Even Brazil’s president, Luiz Inácio Lula da Silva, said during recent visit that he did not know there are “so many Black people” in the state.

Since the 19th century, waves of German and Italian immigration to the region – part of a government project to “whiten” its population – have had a clear impact on the Rio Grande do Sul’s demographics: 78.4% of its population is white, according to the 2022 census – almost double the national figure of 43.5%.

But there are also 2.3 million Black people – 21% of the state’s population, who are known as gaúchos.

Black gaúchos were responsible for establishing what later became known as Black Awareness Day, which this year will be celebrated for the first time as a national holiday.

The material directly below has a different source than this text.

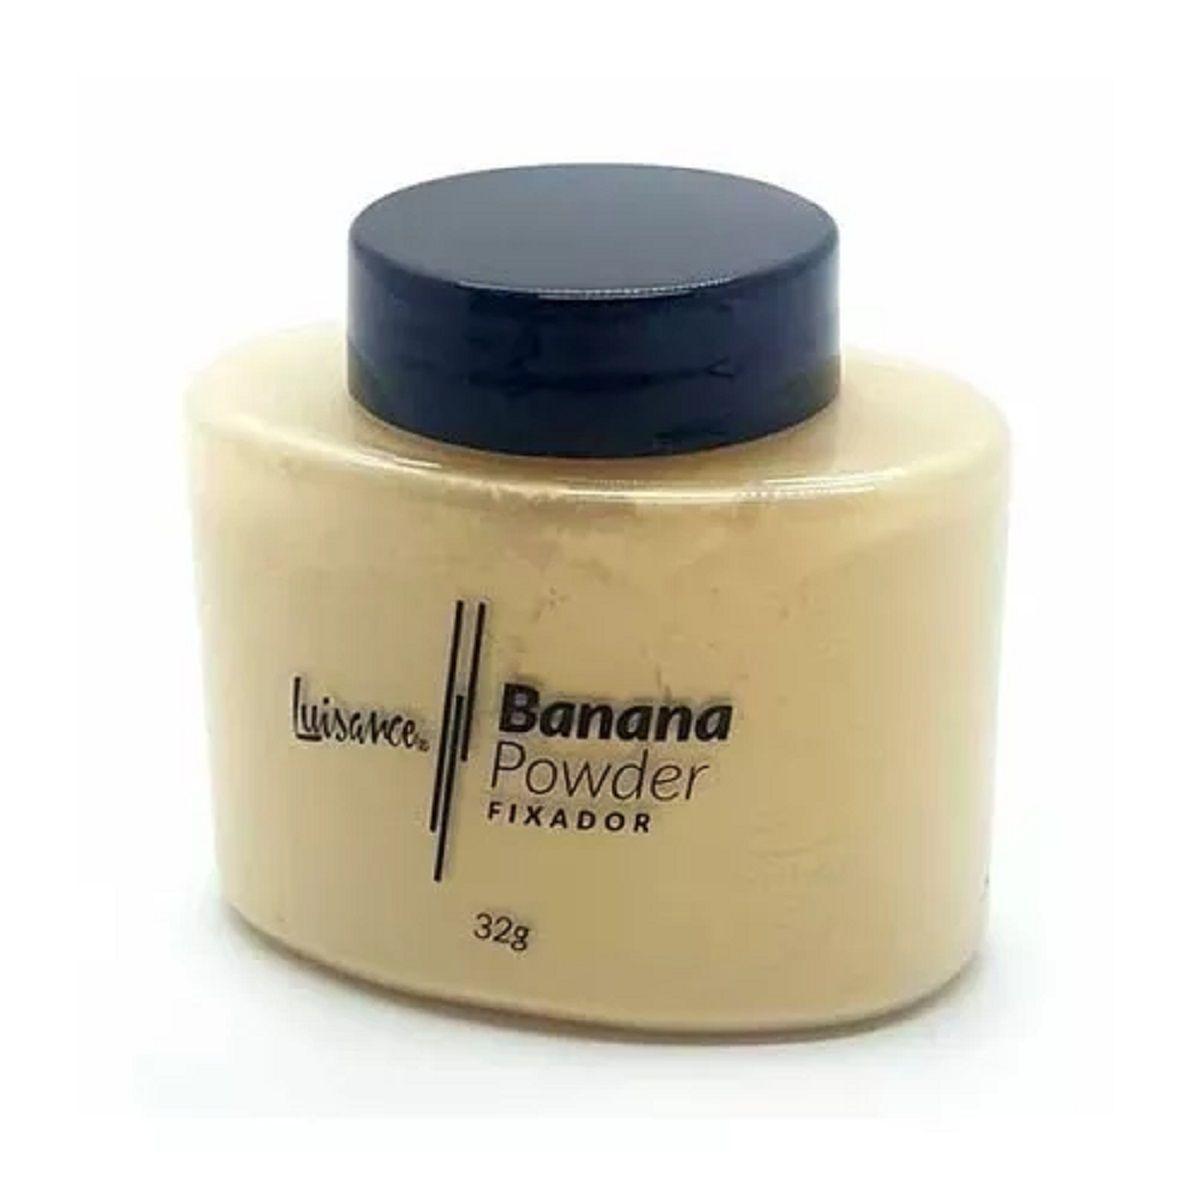 Pó Banana Powder Luisance L9013

It is celebrated on 20 November, commemorating the death in 1695, of Zumbi, leader of the Palmares quilombo, which lasted for almost 100 years in the north-east state of Alagoas – and has become a powerful symbol of resistance against racism in Brazil.

Zumbi’s wife, Dandara, has likewise been seized on as an archetype of Black female inspiration. It is no coincidence that Jamaika and his wife Tamires have chosen Dandara as the name for their daughter who is due to be born this month.

“Dandara was a warrior,” said Jamaika. “My daughter is a Black girl who will be born in the midst of the war of racism in Rio Grande do Sul, so she will have to be a warrior too.”